- **ACTIVITY**: Please repeat only the lines below starting at the line that holds "Nylon Wheel Brush" and ending at the line that holds "Drawn ninja demon Card :: Exchange of Ninja", exactly, with both of those lines included and every picture omitted.

- **PROVIDED DATA**:
%%

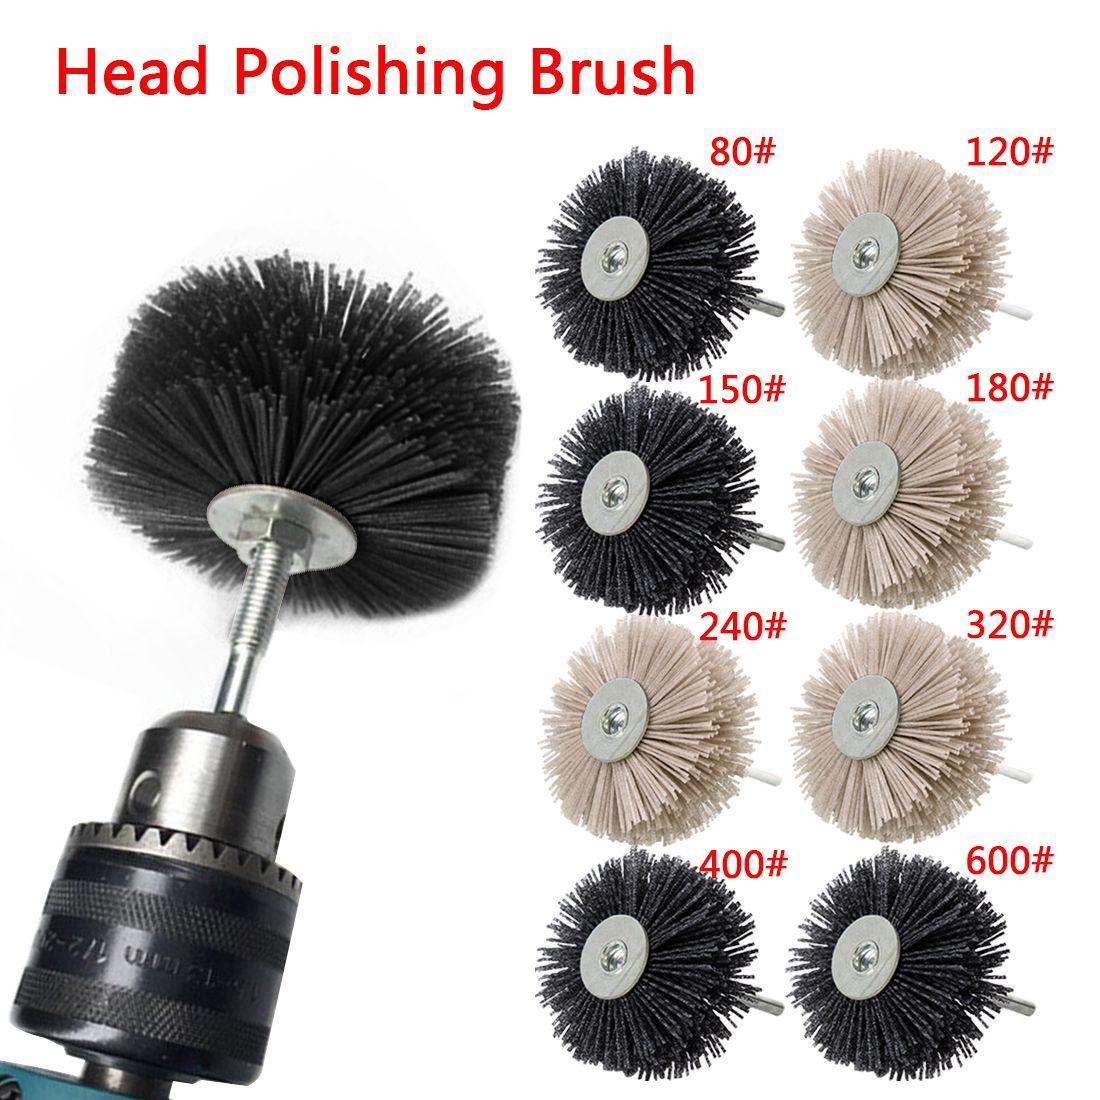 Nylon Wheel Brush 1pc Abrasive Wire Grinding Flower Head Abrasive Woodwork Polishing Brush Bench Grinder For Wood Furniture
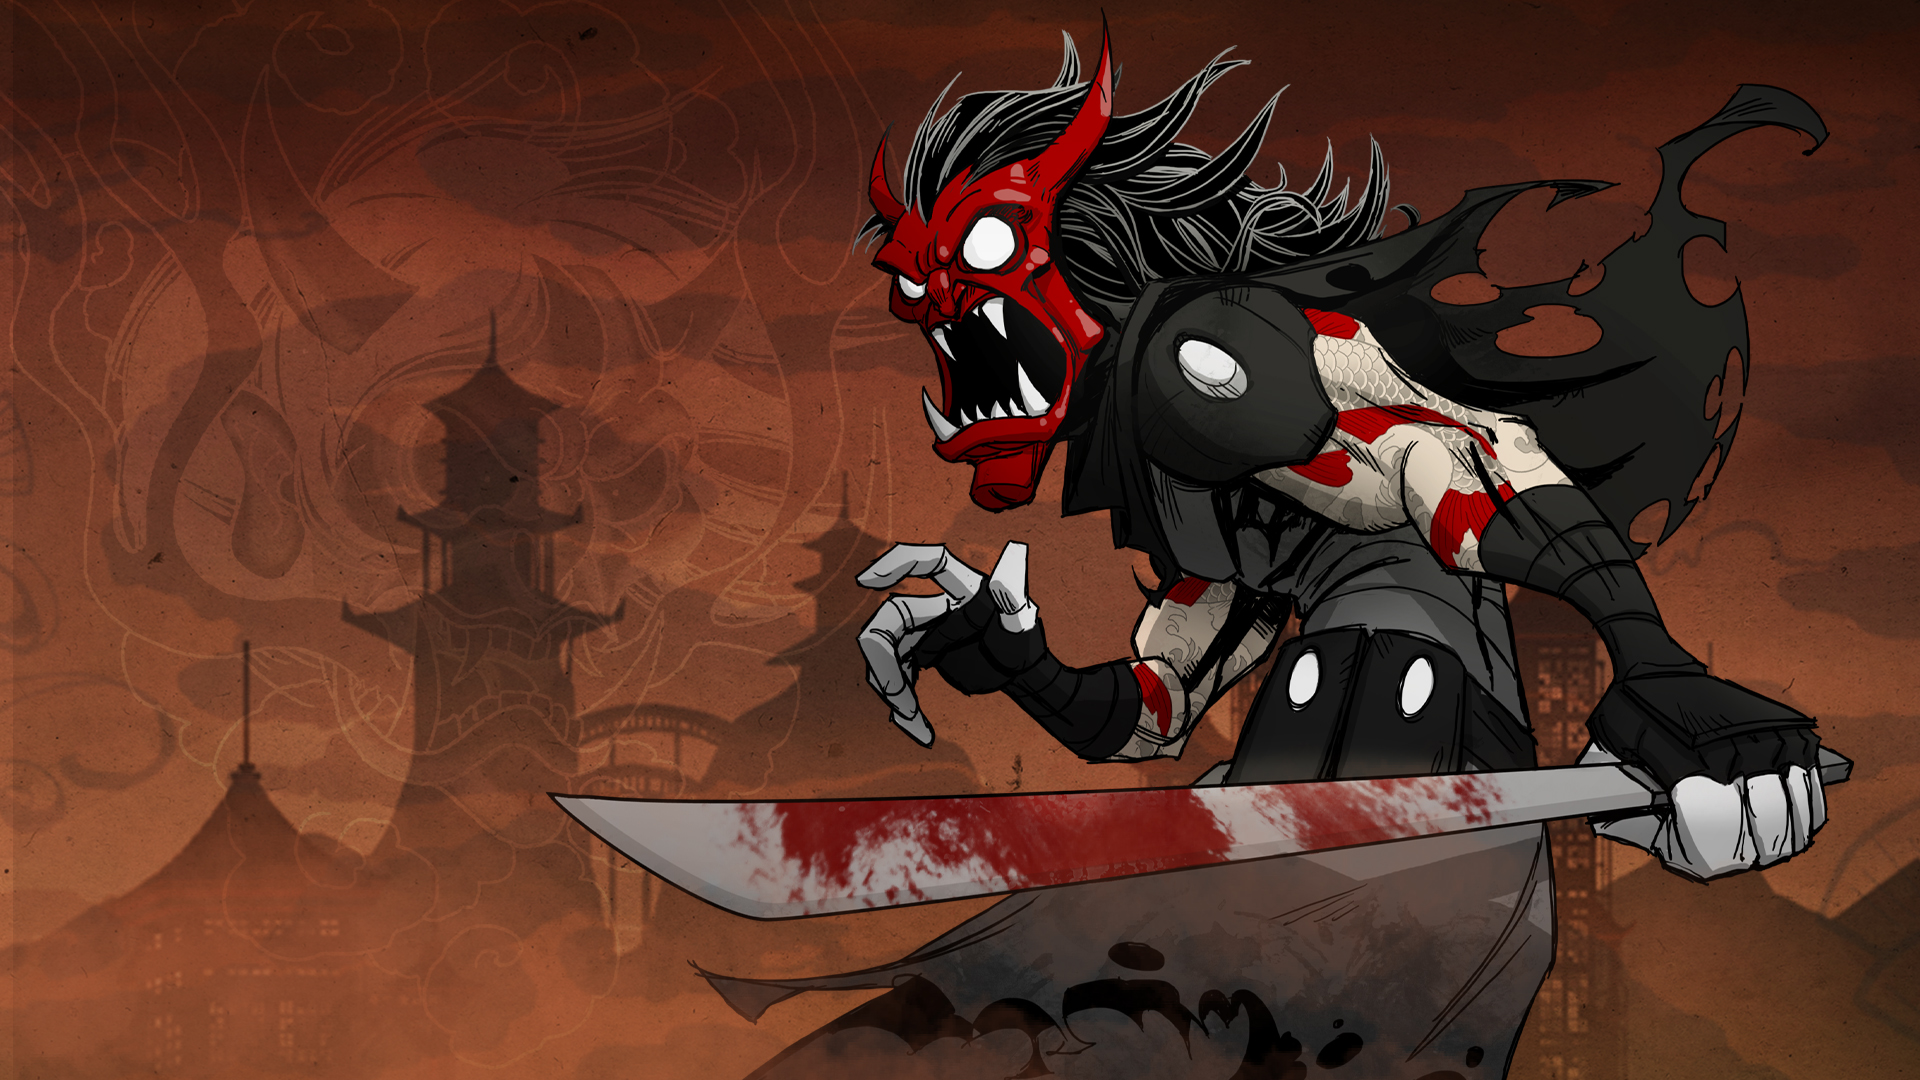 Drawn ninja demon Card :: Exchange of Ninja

%%
%%

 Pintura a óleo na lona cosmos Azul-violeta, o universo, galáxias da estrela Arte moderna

%%

- **OUTPUT**:
 Nylon Wheel Brush 1pc Abrasive Wire Grinding Flower Head Abrasive Woodwork Polishing Brush Bench Grinder For Wood Furniture
 Drawn ninja demon Card :: Exchange of Ninja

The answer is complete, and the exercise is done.